15 December 2010 The creation of quality jobs is a key element in an economic recovery that is turning out to be uncertain for the Latin American and Caribbean region and for the world as a whole, the United Nations top labour official has warned.
“The quality of employment determines the quality of a society,” the Director-General of the International Labour Organization (ILO), Juan Somavia, told the opening session of his agency’s American Regional Meeting in Santiago, Chile, yesterday. “Giving up this idea means condemning millions of workers to an uncertain future. This will only help to perpetuate the cycle of poverty across generations.”

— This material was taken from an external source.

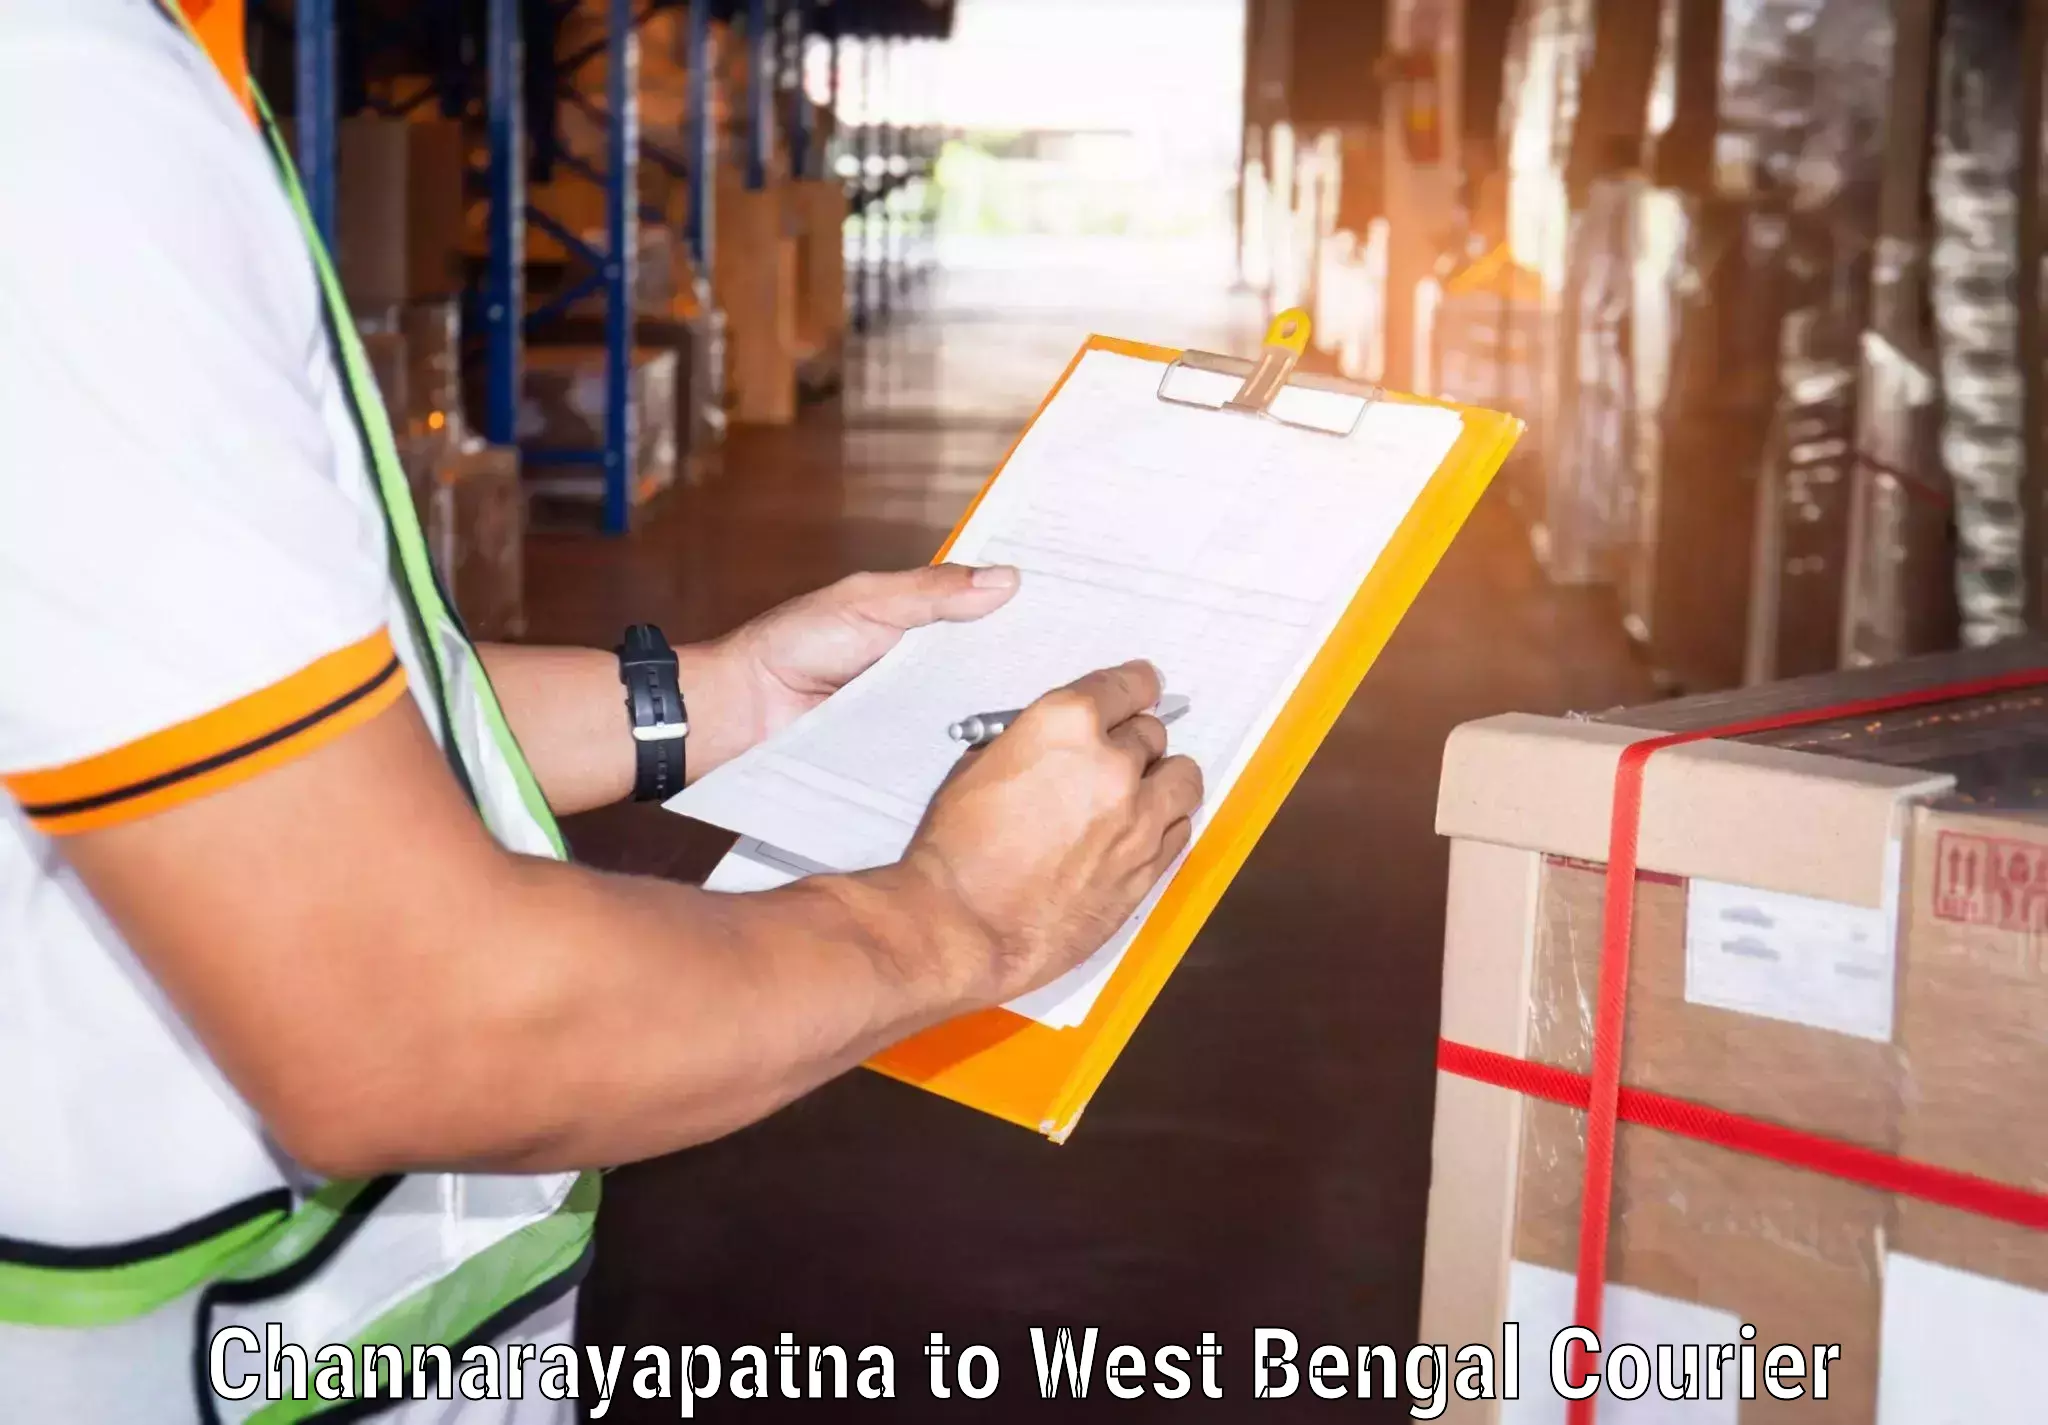 Professional courier handling Channarayapatna to Maheshtala

Even though Latin America and the Caribbean have recovered from the crisis more quickly than other parts of the world, the region faces economic and labour uncertainty, he said. “The future looks uncertain, not only for the rest of the world but for the Latin American and Caribbean region as well,” he added.
The UN Economic Commission for Latin America (ECLAC) presented a document on Monday showing that the region’s economic output is expected to slow down from six per cent in 2010 to 4.2 per cent in 2011.
Mr .Somavia expressed particular concern about the need to protect and create jobs for young workers, whose unemployment rate is three times higher than that of adults.
“Just like the quality of employment defines the quality of a society, the future of a society is determined by the employment of its young workers,” he said. “An economy that is not able to provide jobs to its youth is an economy that steals away their future and that lets down families and the society as a whole.”
He also highlighted the role most regional countries played during the crisis by implementing counter-cyclical policies and protecting and promoting employment. The ILO’s latest data published ahead of the week-long meeting shows that the urban unemployment rate for region in 2010 has returned to its pre-crisis level.
The ILO regional meeting brings together labour and employment ministers as well as workers’ and employers’ leaders from 35 countries in the Americas.